PROVIDED DATA below:

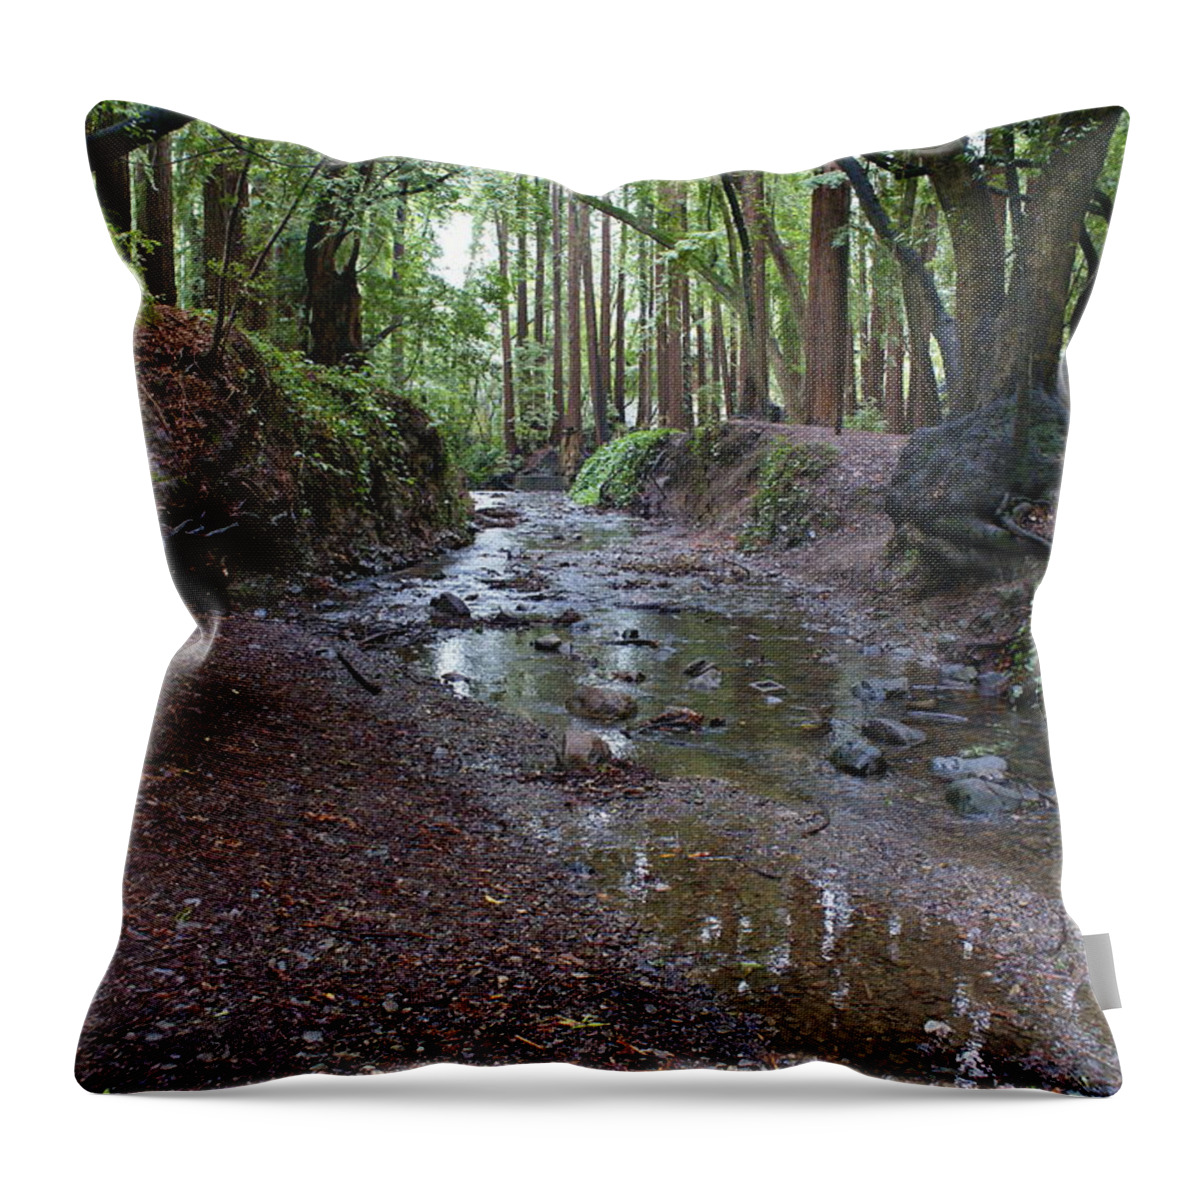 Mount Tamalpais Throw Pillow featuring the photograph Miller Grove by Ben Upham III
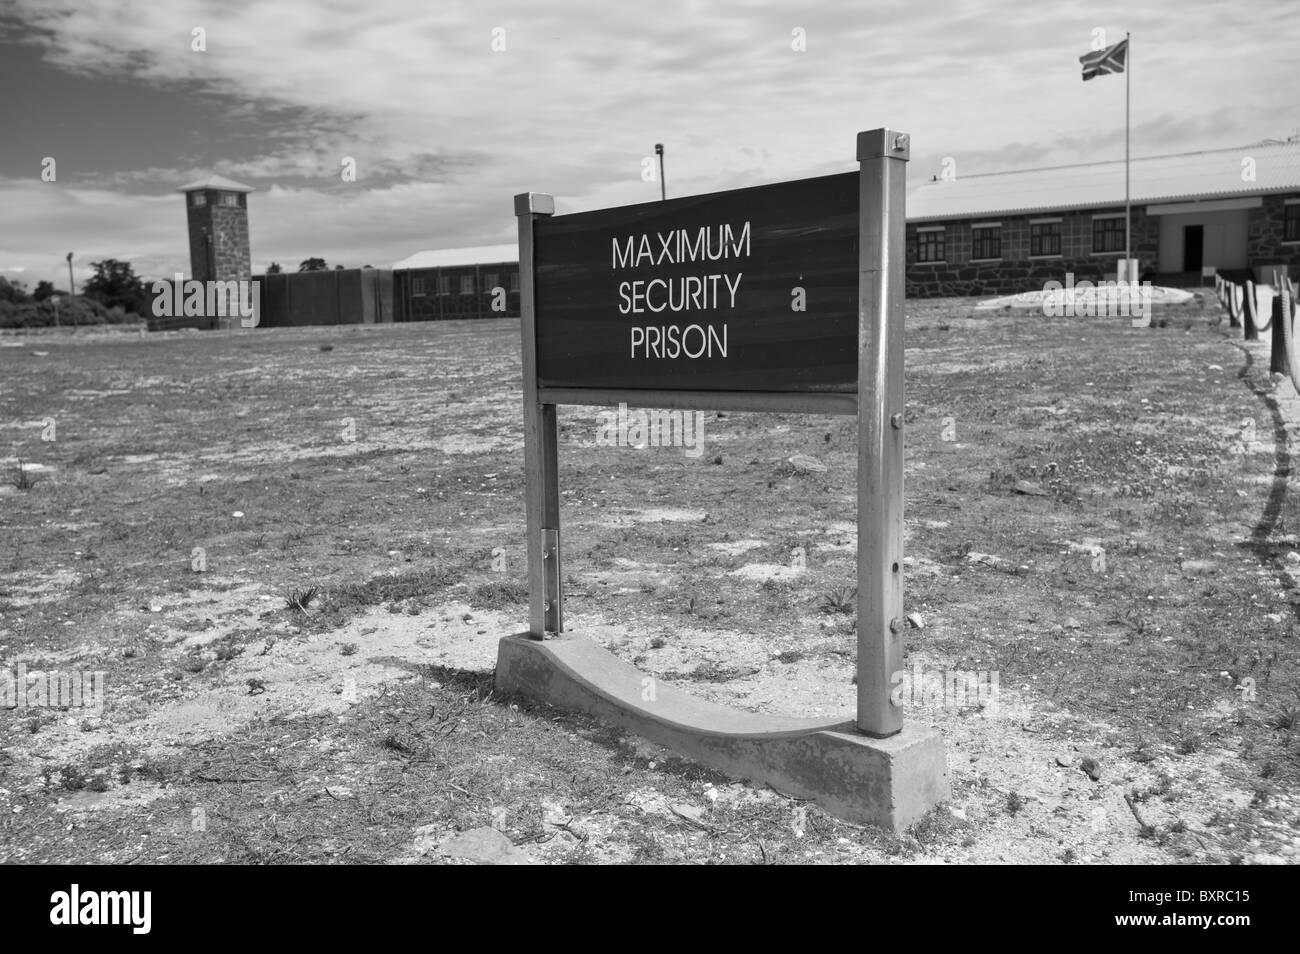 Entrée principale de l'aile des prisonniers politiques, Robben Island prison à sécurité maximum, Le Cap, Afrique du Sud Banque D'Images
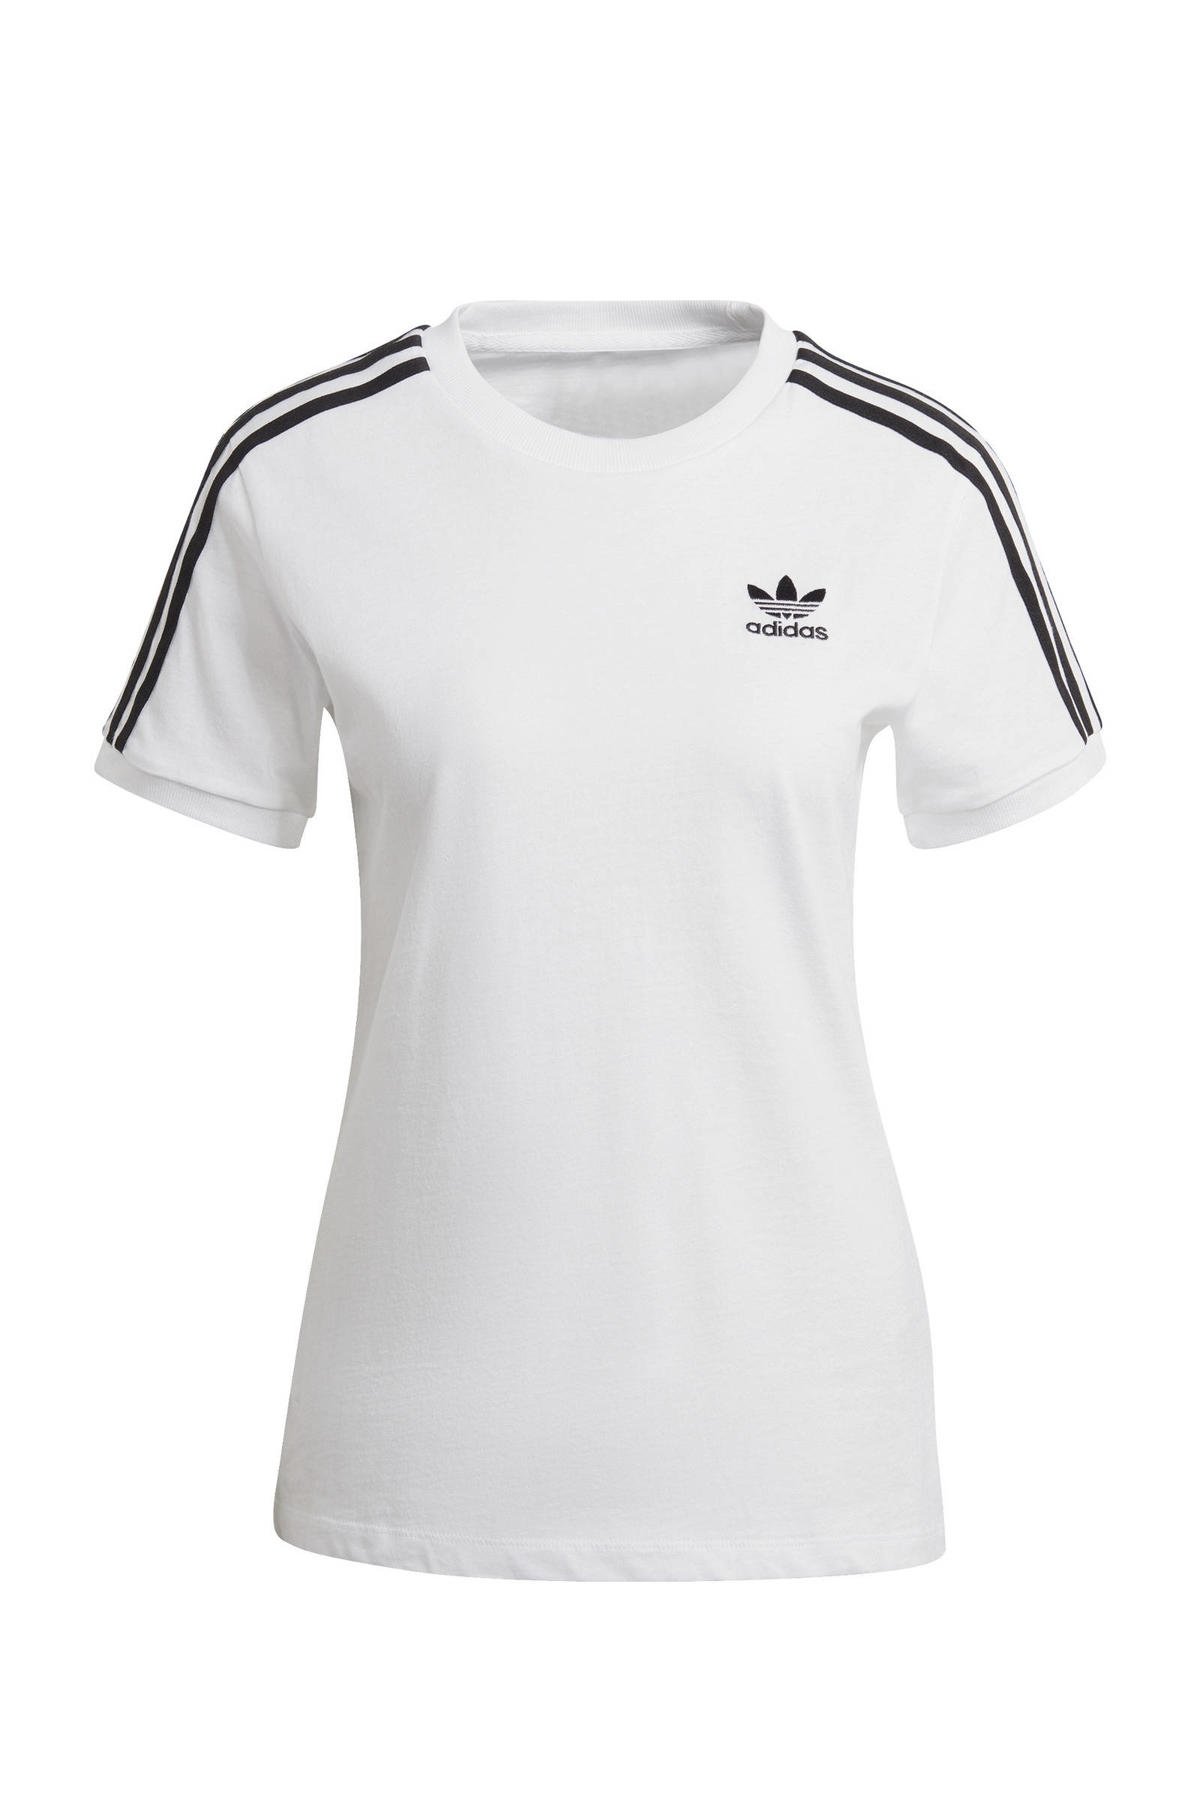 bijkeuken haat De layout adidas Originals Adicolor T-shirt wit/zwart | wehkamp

End of PROVIDED DATA.

WORK INSTRUCTIONS>
Give back the full listing word for word, with the pictures left out.

OUTPUT>
 Mount Tamalpais Throw Pillow featuring the photograph Miller Grove by Ben Upham III
 Entrée principale de l'aile des prisonniers politiques, Robben Island prison à sécurité maximum, Le Cap, Afrique du Sud Banque D'Images
 bijkeuken haat De layout adidas Originals Adicolor T-shirt wit/zwart | wehkamp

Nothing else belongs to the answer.